Proximity to the tool shoulder intensifies the stirring effect on the viscoplastic material and promotes grain fragmentation during thermomechanical deformation. The consequent grain refinement strengthening results in microhardness values within the joint that exceed those of the base metal [25]. The microhardness of the NZ is the highest, and the HAZ is the lowest due to the influence of the temperature field distribution and is slightly lower than that of the base metal. With the increase in the distance from the lower end face of the shoulder, the stirring effect of the plug and the shoulder on the material is gradually weakened. And the assisted heating effect of the friction between the shoulder and the base metal is correspondingly reduced. Therefore, as the distance from the upper surface of the joint increases, the microhardness of the joint at the same vertical position decreases slightly. When the rotational speed of the plug is 1600 rpm and 2000 rpm, the microhardness and the distribution characteristics of the joint are similar to the situation at 1800 rpm.
Process parameter optimization and experimental welding trials revealed that for the shoulder-assisted heating friction plug welding (FPW) of the aluminum alloy, plug rotational speeds below 1400 rpm led to an increased defect rate and, consequently, inferior joint mechanical properties. Conversely, plug rotational speeds exceeding 2200 rpm resulted in unsatisfactory joint formation, such as excessive flash or surface irregularities. Therefore, holding other process parameters constant, the influence of plug rotational speed on the mechanical performance of the joints was investigated using speeds of 1600 rpm, 1800 rpm, and 2000 rpm as representative cases.
For joints fabricated using the concave backing hole technique, any protruding boss at the joint root was removed by machining. This ensured that the tensile specimens possessed a thickness identical to that of specimens prepared from joints welded without a concave backing bore. The tensile strengths of the joints obtained under various process parameter combinations are presented in Figure 8.
With other process parameters held constant, both the ultimate tensile strength and the elongation at fracture of the joints increased with increasing plug rotational speed. A maximum joint strength of 278.10 MPa was achieved, equivalent to 89.71% of the base metal’s strength, accompanied by an elongation at fracture of 9.02%.
These tensile strength results indicate that higher plug rotational speeds increase the power input (energy input per unit time), which considerably enhances the mechanical performance of shoulder-assisted heating FPW joints. Moreover, elevated plug rotational speeds augment the heat generation efficiency from the two principal frictional heat sources: the shoulder/base metal interface and the plug/bore interface. This, combined with the more vigorous mechanical stirring at higher rotational speeds, synergistically promotes the formation of sound shoulder-assisted heating FPW joints exhibiting superior mechanical properties.

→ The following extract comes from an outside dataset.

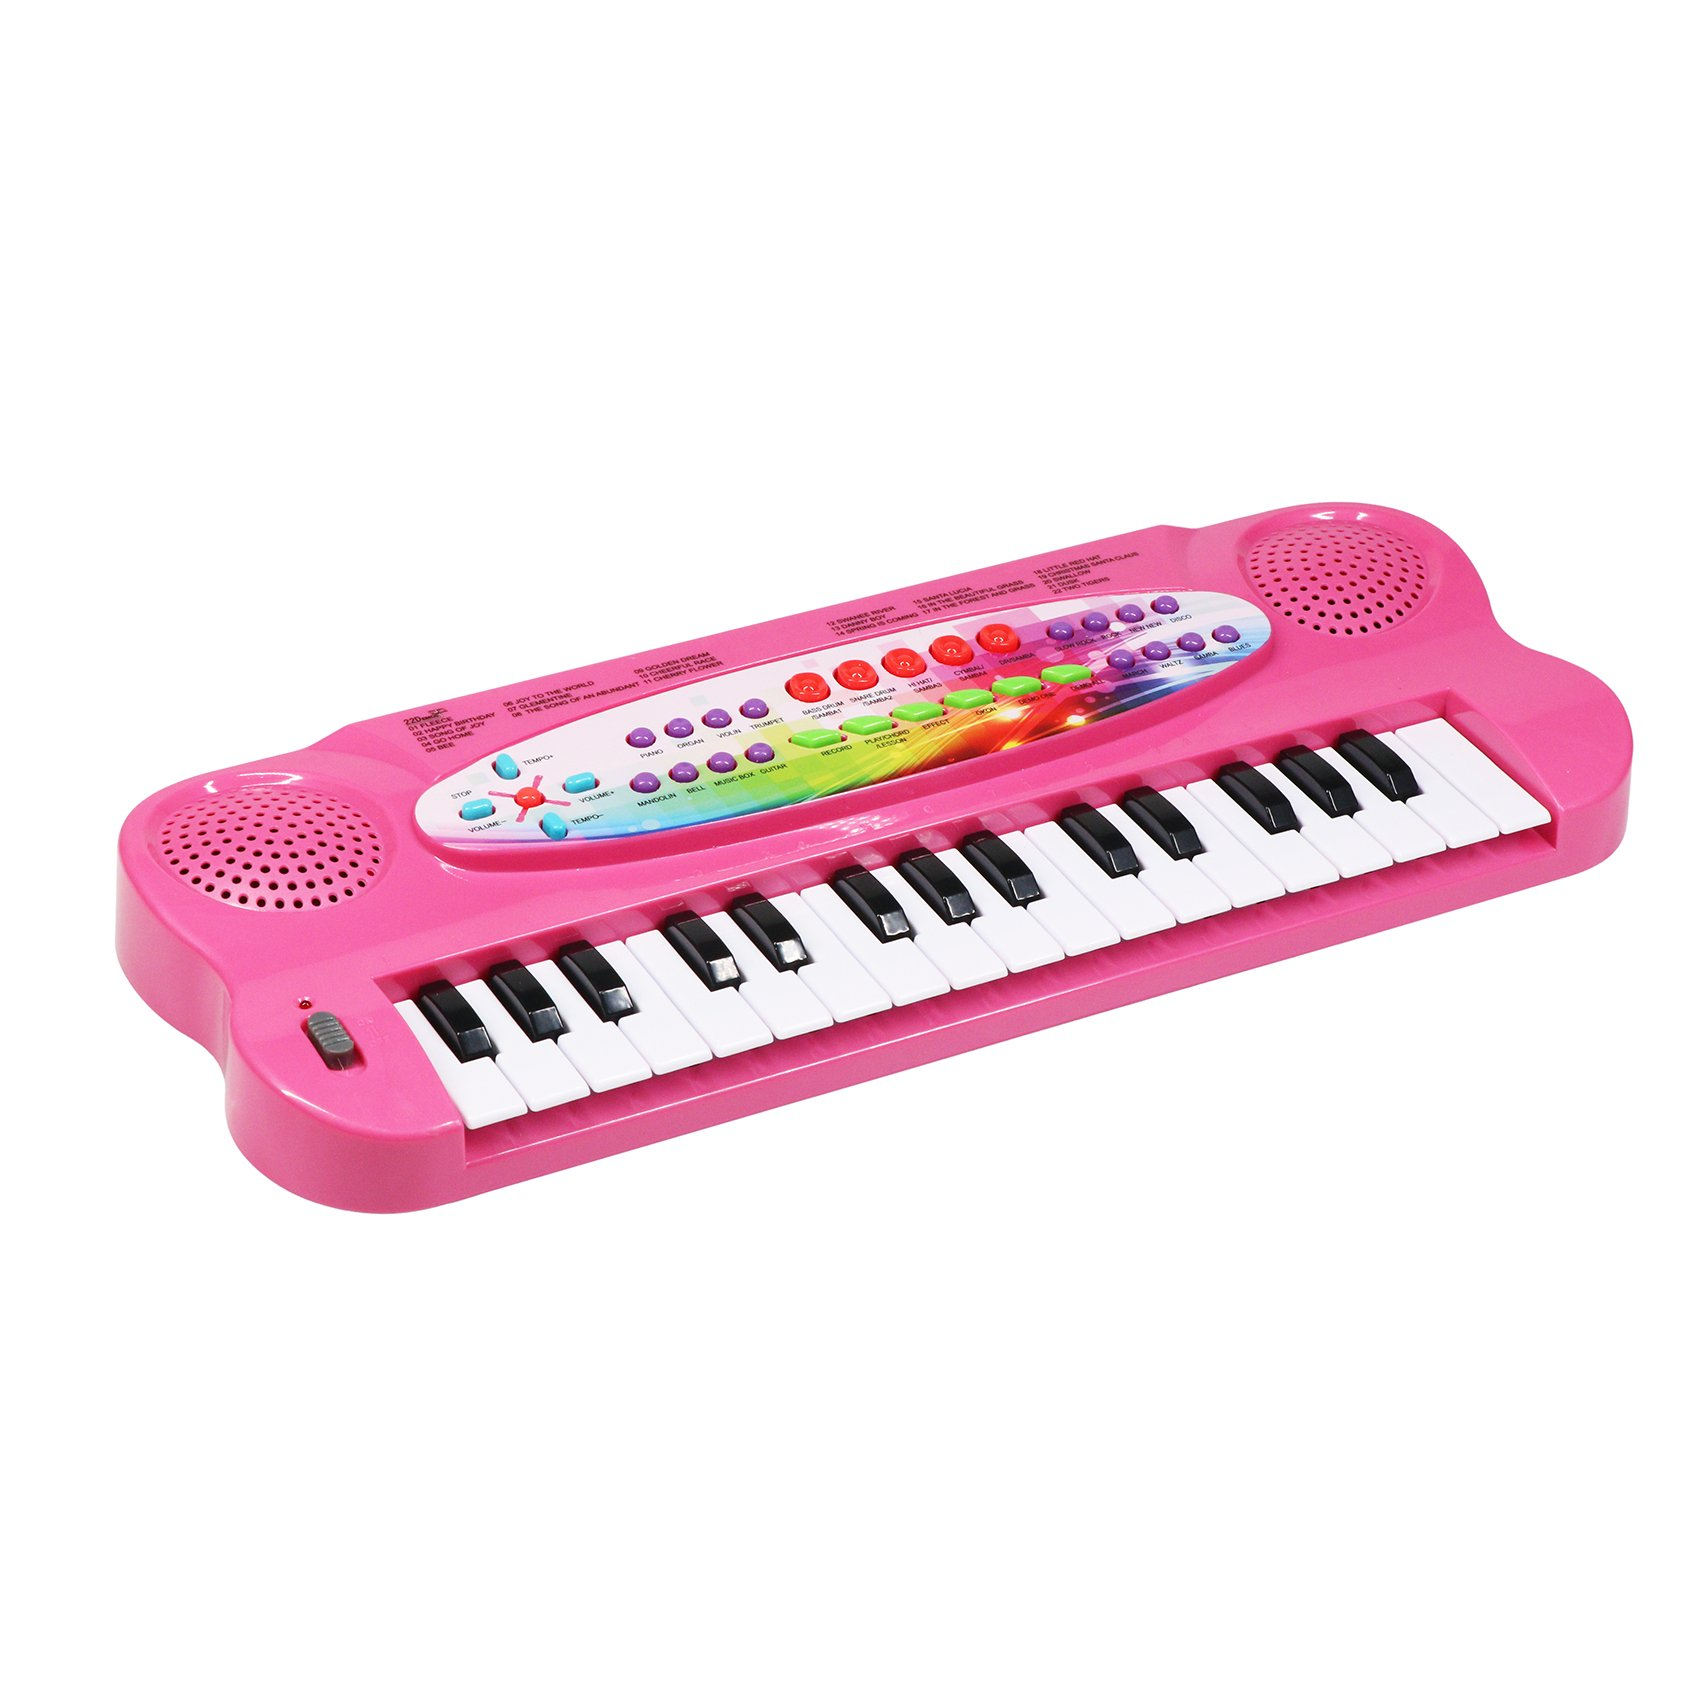 aPerfectLife Kids Piano, 32 Keys Multifunction Electronic Kids Piano Keyboard Musial Instrument Kids Microphone (Pink)

3.5. Fracture Characteristics of Joints

Tensile testing of the 6082-T6 aluminum alloy shoulder-assisted heating FPW joints was conducted on an AGS-X 300 kN universal testing machine (Lanzhou, China), adhering to the GB/T 2651-2023 [26], with a constant crosshead displacement rate of 0.2 mm/min.
Fracture surface morphologies of joints fabricated using the concave backing hole technique, under identical welding parameters, are depicted in Figure 9. The fracture morphology shown in the figure is near the joint rather than the base material part. Although this technique enhanced material flow at the joint root and eliminated issues of weak bonding in this region, the root nevertheless remained a zone of stress concentration. Consequently, even after machining to remove any backside boss, the tensile specimens consistently initiated cracks at the joint root during testing, with ultimate fracture occurring within the TMAZ. This indicates that while the concave backing bore technique improves the soundness of the joint root formation, the TMAZ persists as the microstructurally weakest region governing the tensile failure of the joint. Under identical welding parameter combinations, the fracture surface morphologies of the 6082-T6 aluminum alloy shoulder-assisted heating FPW joints produced with and without the concave backing bore technique exhibited similar overall features. For joints made with the concave backing bore, Region A typically comprised dimples and tear ridges; Region B displayed large and deep dimples; and Region C showed predominantly equiaxed dimples of significant size and depth. All fracture surfaces clearly exhibited the characteristics of ductile fracture. Furthermore, despite the fracture location (TMAZ) being consistent for both techniques, the concave backing bore technique—by enhancing the effective load-bearing thickness and promoting superior material flow and consolidation at the joint root—positively contributes to improving root formation quality and thereby enhancing the overall mechanical performance of these aluminum alloy FPW joints.

4. Discussion

4.1. Effect of Concave Backing Hole Process on Microstructure of Joints

Figure 10 illustrates a comparison of the microstructural zones in shoulder-assisted heating friction plug welded (FPW) 6082-T6 aluminum alloy joints, fabricated with and without a concave backing hole. When a concave backing hole is employed in the backing plate, the pressure generated by the plug feed during welding enhances the flow of plasticized material at the base of the plug hole and expands the affected area. This facilitates effective filling of the concave backing hole and simultaneously eliminates the accumulation of original plug material at the joint root. By increasing the effective load-bearing thickness of the joint, this approach also prevents the formation of a FZ, which would otherwise consist of original plug material remnants, thereby enabling the development of a complete NZ at the joint center.
The introduction of a concave backing hole substantially expands the flow range of plasticized material at the base of the plug hole, leading to a significant increase in the NZ thickness in the lower joint region compared to joints produced without this feature. Furthermore, owing to the temperature gradient through the joint thickness, the grain morphology within the NZ also displays a gradient when the concave backing hole is utilized. Prior analyses have established that the NZ comprises fine, equiaxed grains. In contrast to the FZ, which might retain the elongated grain structure of the original plug material, the NZ grains are further refined, yielding a more consolidated microstructure and superior macroscopic mechanical properties. Consequently, the concave backing hole technique effectively mitigates weak bonding at the joint root, eliminates root defects, and improves the overall quality of joint formation in friction plug welding.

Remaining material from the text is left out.